> _WHAT TO PRODUCE_
Leaving out the images, please reproduce each line below exactly.

> _RAW DATA_
_ _ _ _

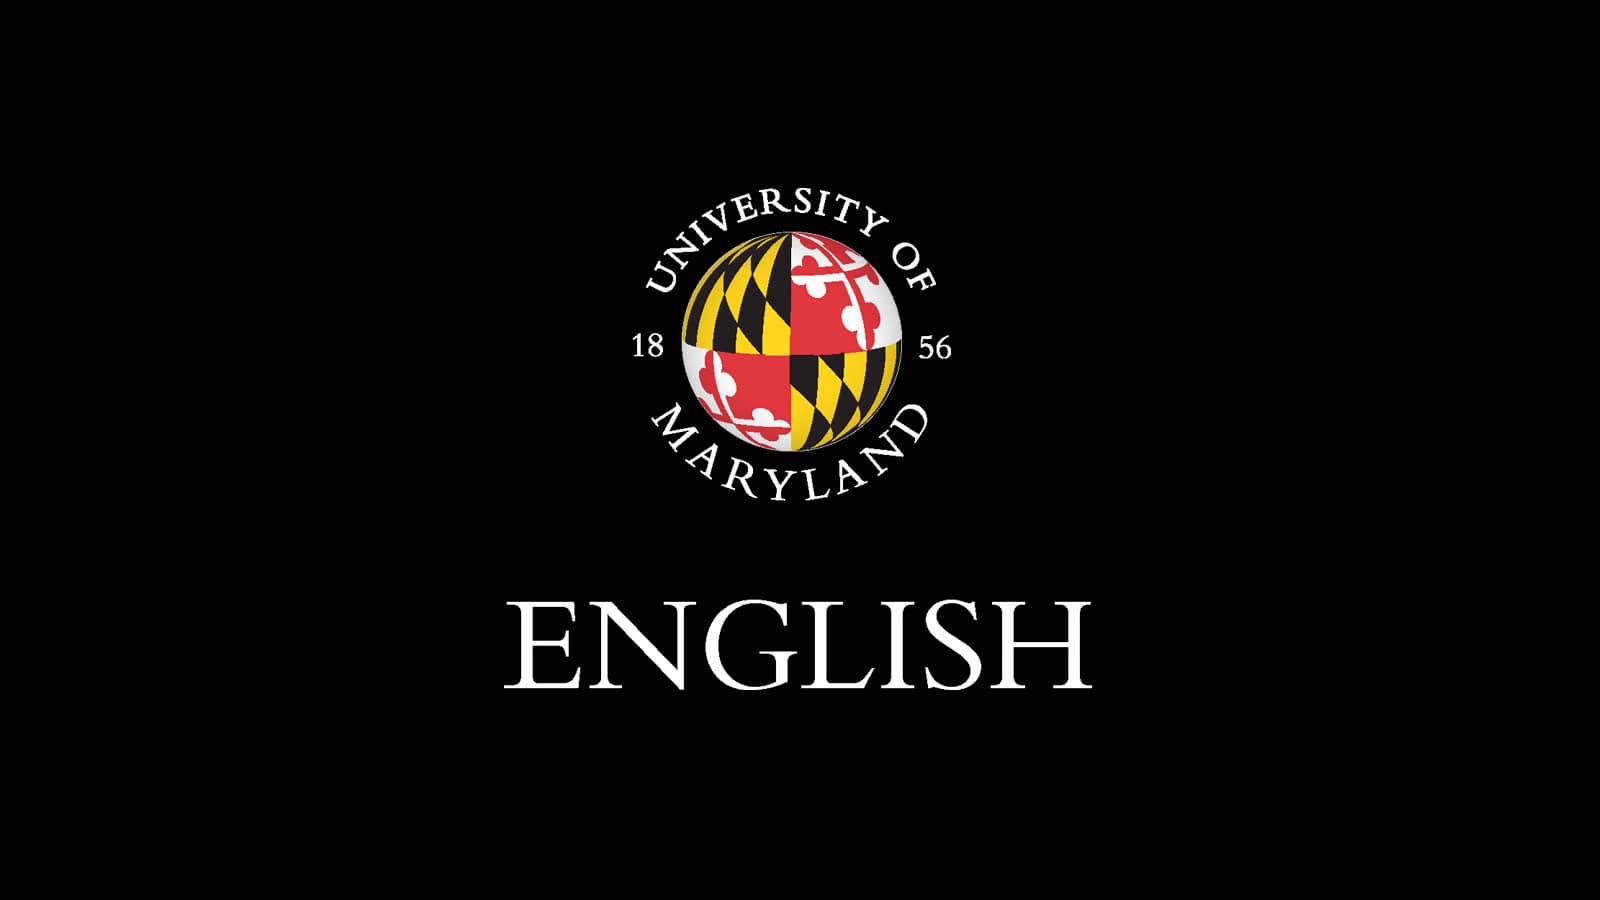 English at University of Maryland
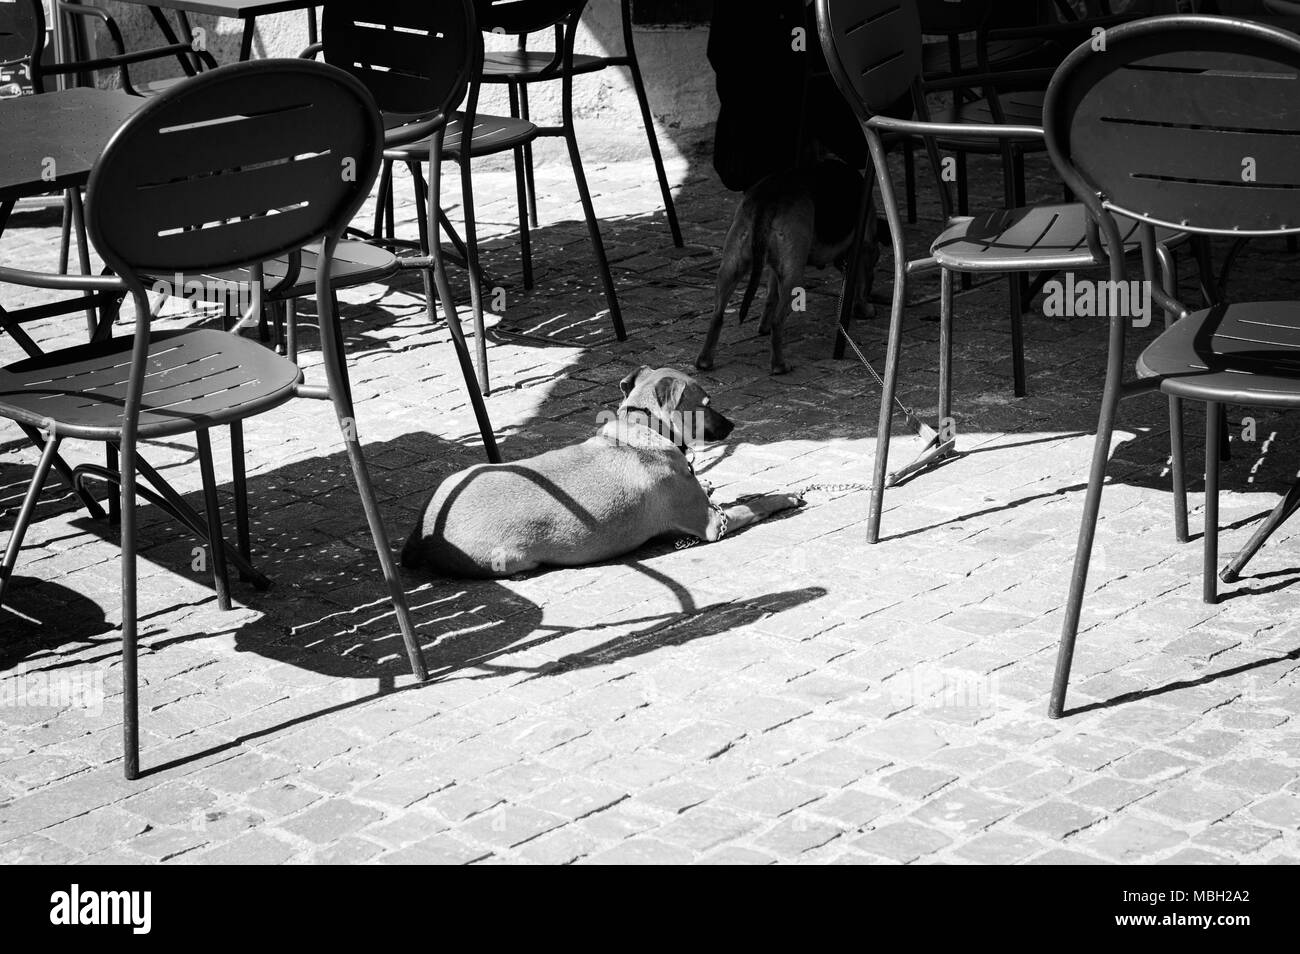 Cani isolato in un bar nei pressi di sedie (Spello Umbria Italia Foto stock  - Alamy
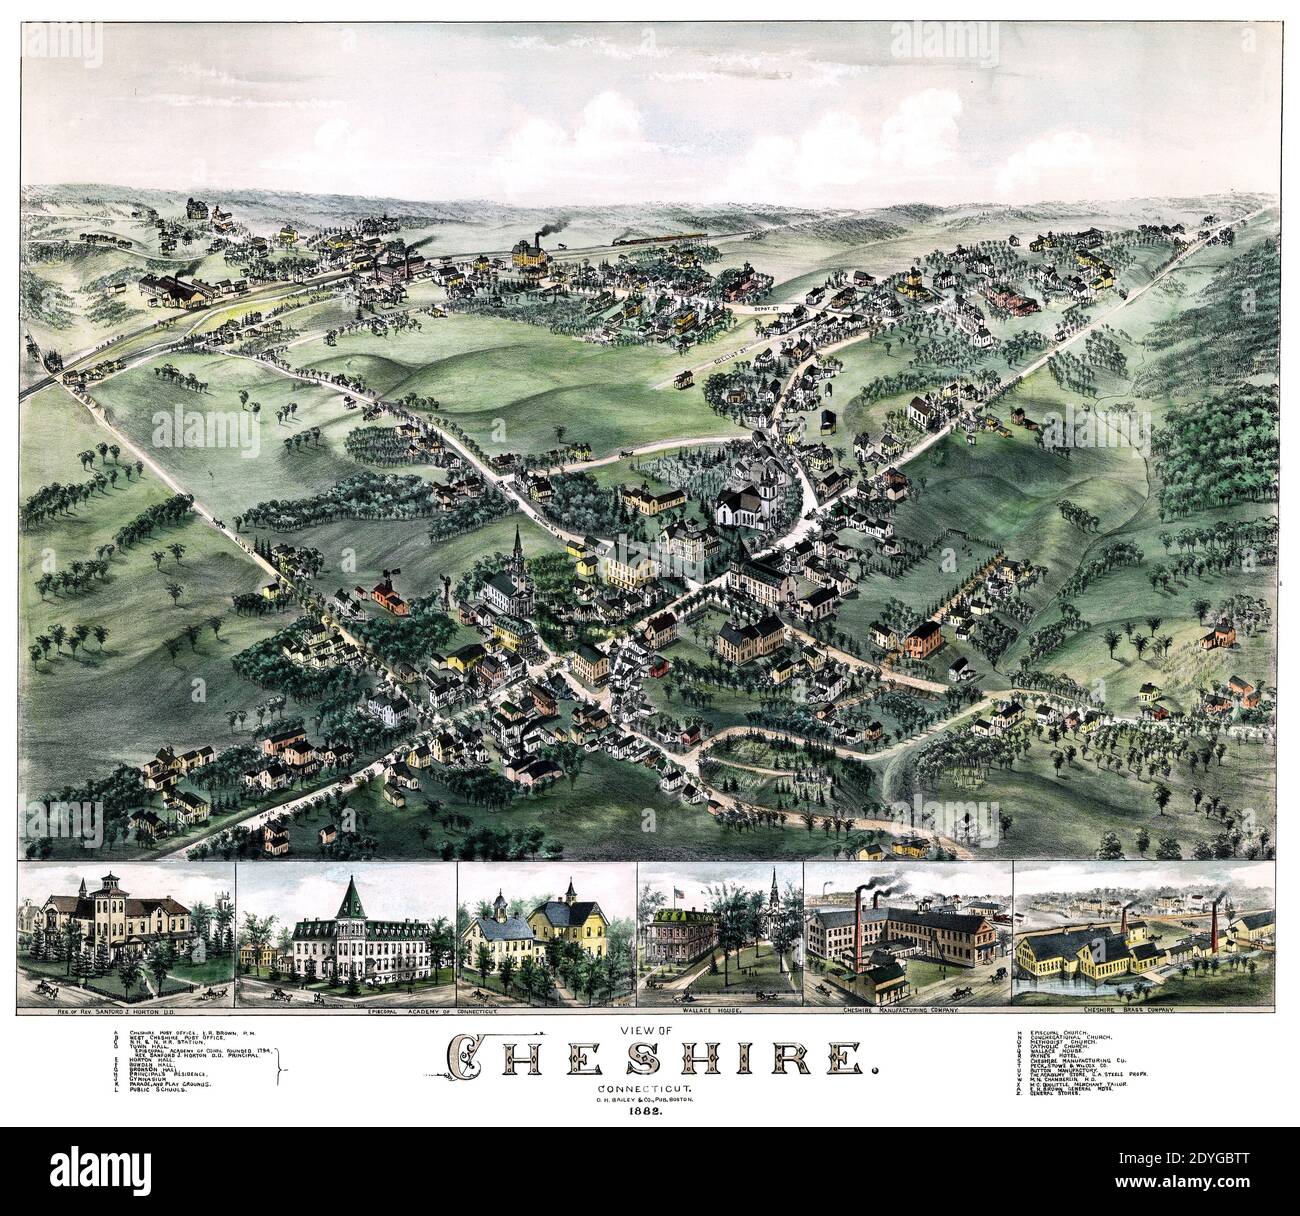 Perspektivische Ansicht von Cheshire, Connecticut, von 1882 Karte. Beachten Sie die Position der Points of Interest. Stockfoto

_ _ _ _

> _ANSWER BOX_
 English at University of Maryland
 Cani isolato in un bar nei pressi di sedie (Spello Umbria Italia Foto stock  - Alamy
 Perspektivische Ansicht von Cheshire, Connecticut, von 1882 Karte. Beachten Sie die Position der Points of Interest. Stockfoto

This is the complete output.